Designing for Android
Let’s face it, as designers, the Android platform is terrifying. Android is a mixed bag of operating system versions, frozen dessert names, and pixel densities — something that designers, don’t want to worry about. The goal of this article is to help you make sense of the Android ecosystem, and start thinking about designing across several screen sizes and resolutions. We’ll provide you with a few tools, helpful links, and do our best to get you started on this platform; it’s the stuff we wish someone had explained to us earlier on. Once understood, there’s an endless sea of users just waiting to get their hands on the next great thing, your app, maybe…
01 First things first, get a device in your hands
Nothing will get this process running quicker and more efficiently than having a device in your hands. Use it, try it out, swipe around, type stuff in, download an app. Do your best to accomplish an everyday smartphone task. To choose a device there are few things to consider, we’ll give you our thoughts on devices as well. First, Samsung, HTC and Motorola consume well over half of the total market share for Android, and HTC and Motorola specifically run a customized theme of, what we refer to as “pure Android” style. We suggest starting with a Nexus model as of 2013. Nexus is currently produced by Google though LG, previously Samsung and HTC, resulting in what we call a “pure Android” experience. Other carriers and manufacturers pack the phone with a custom Android theme, and various applications that you might not need, Nexus does not. One other bonus to Nexus, is that you can stay up to date with software earlier as Nexus get’s software updates before the other manufactures.

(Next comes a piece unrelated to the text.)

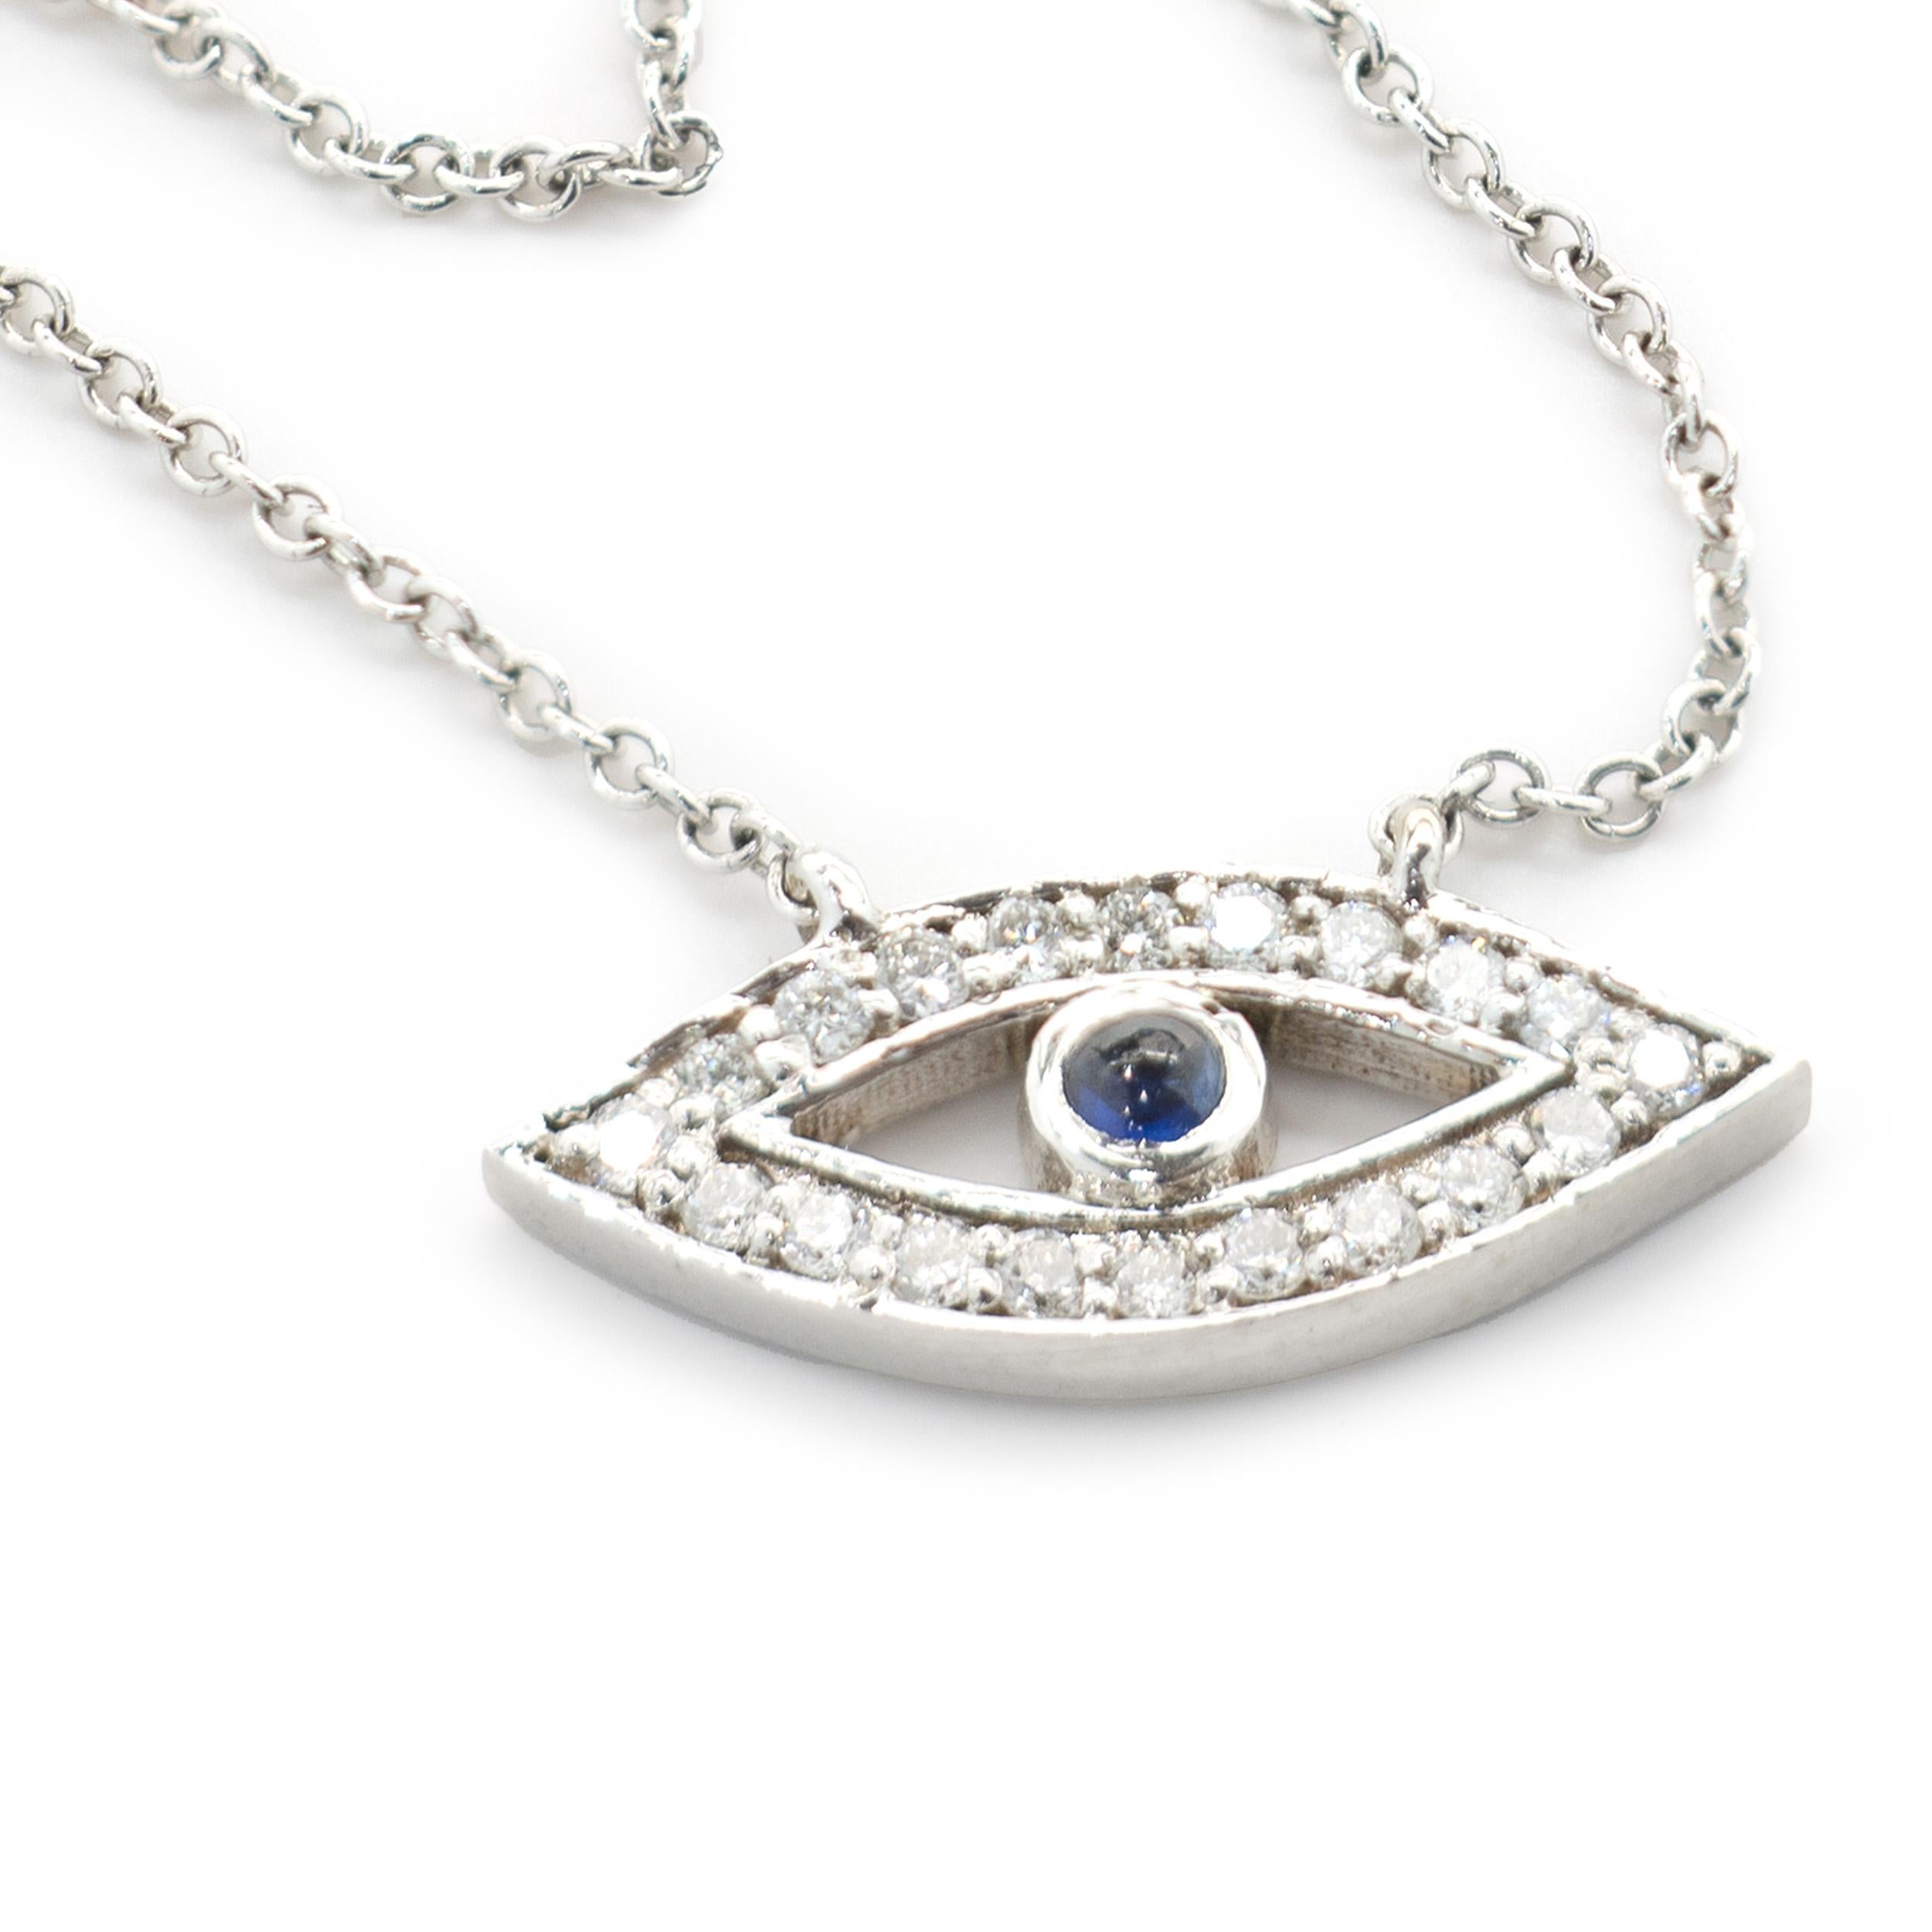 14 Karat White Gold Diamond and Sapphire Evil Eye Necklace In Excellent Condition For Sale In Scottsdale, AZ

Secondly, we recommend getting as many devices in your hands as you can. It’s important to understand how different the experience can be across different carriers, screen sizes, operating systems, and pixel densities. Try out the HTX one, Galaxy s3 and the Motorola Droid 4.
02 Understanding Screen Size & DPI
Understanding the complexities of varying screen sizes, resolutions, pixel densities, etc. is paramount in understanding where to start with Android. There are three terms to address separately when designing for Android, they all seem like they could be synonyms, but they aren’t.

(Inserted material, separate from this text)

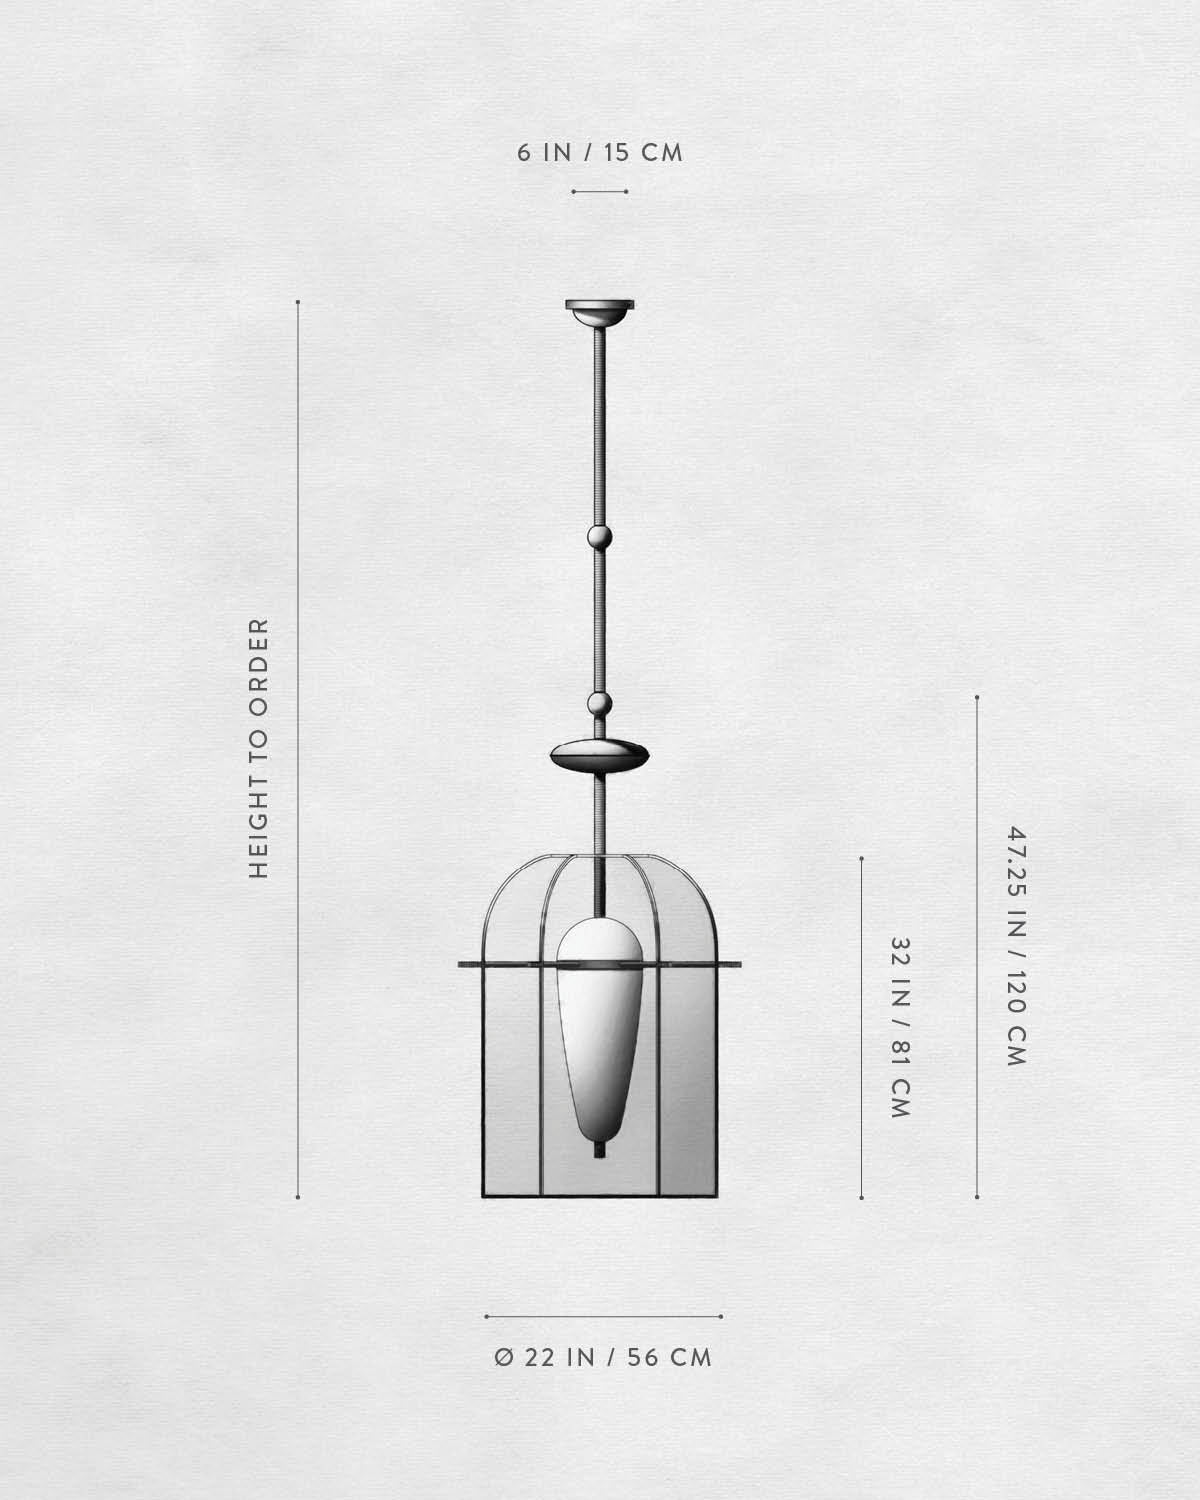 Technical drawing of INTERLUDE : HAND-EMBROIDERED HANGING LAMP.

Resolution: The total number of physical pixels on a screen at one time.
Screen Density: The number of pixels within a physical area of the screen. When we talk of this, we are talking about DPI, or dots per inch. There are 4 levels of screen density within Android. lDPI, mDPI, hDPI, and xhDPI. If a graphic scales across all 4 of these levels, some manual graphic editing may be warranted, while not completely necessary. For example, when you put your thumb on the screen, how many pixels are you touching? It varies between devices.

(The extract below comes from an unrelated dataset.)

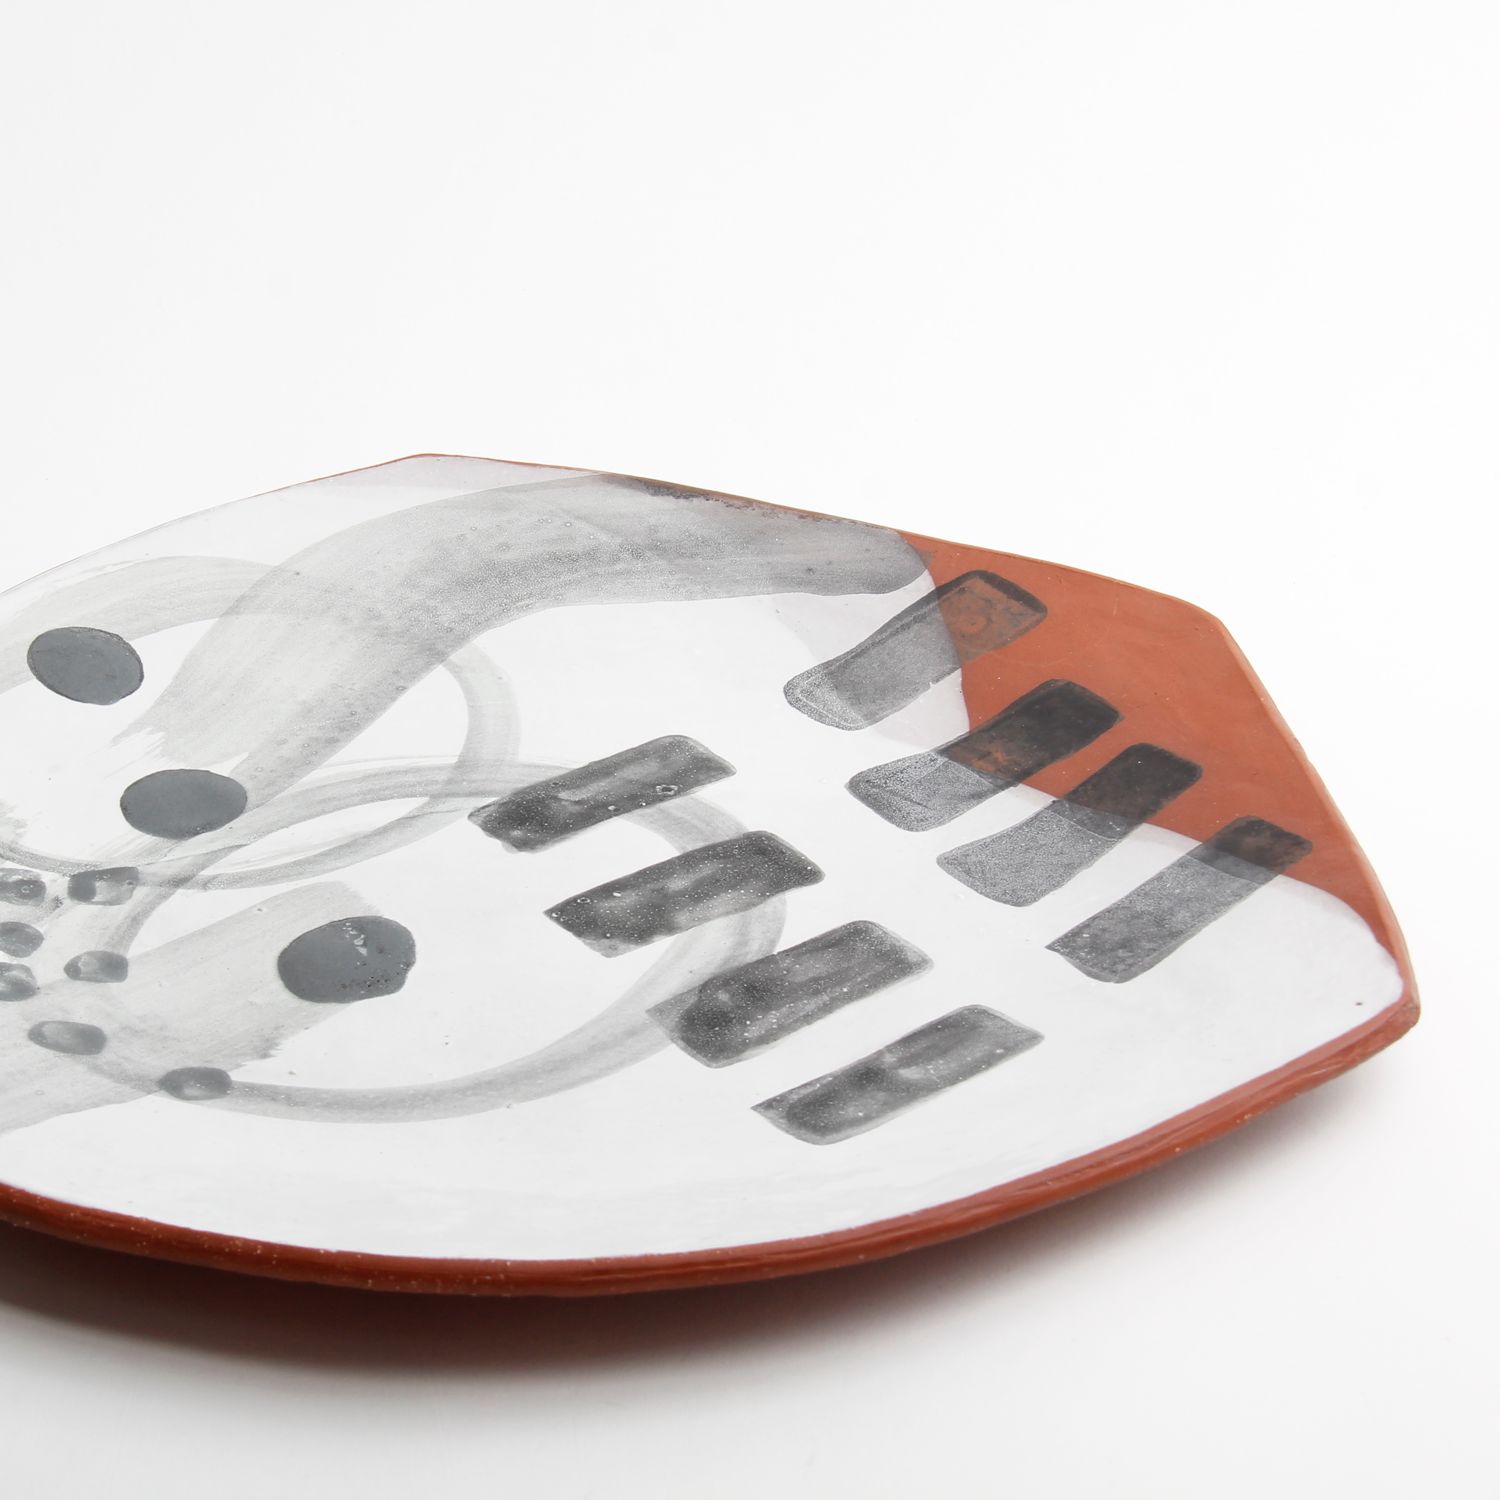 Mary McKenzie: Large Platter – Circles & Rectangles Product Image 2 of 2

*Density-Independent Pixels (DP): The goal of DP is to make that beautiful button you designed looks crisp and is the same physical size on all Android devices. Your thumb doesn’t change dimensions across devices so neither should your button.
How do we make sure your assets look sharp and measure the same physical dimension? It’s pretty simple actually. Create copies of assets at various pixel dimensions to match four key sizes: lDPI, mDPI, hDPI, xhDPI
Keep in mind that this red icon will appear same physical size on screen. The difference is that each ‘Screen Density’ is packing more pixels into the same amount of space. The higher the density, the clearer your screen and graphics will appear. For example: a 100dp graphic would be 100px x100px at mDPI. The same 100dp graphic would have to be blown up 200px x 200px on an xhDPI screen. If you don’t provide the xhDPI asset, your icon will be blurry.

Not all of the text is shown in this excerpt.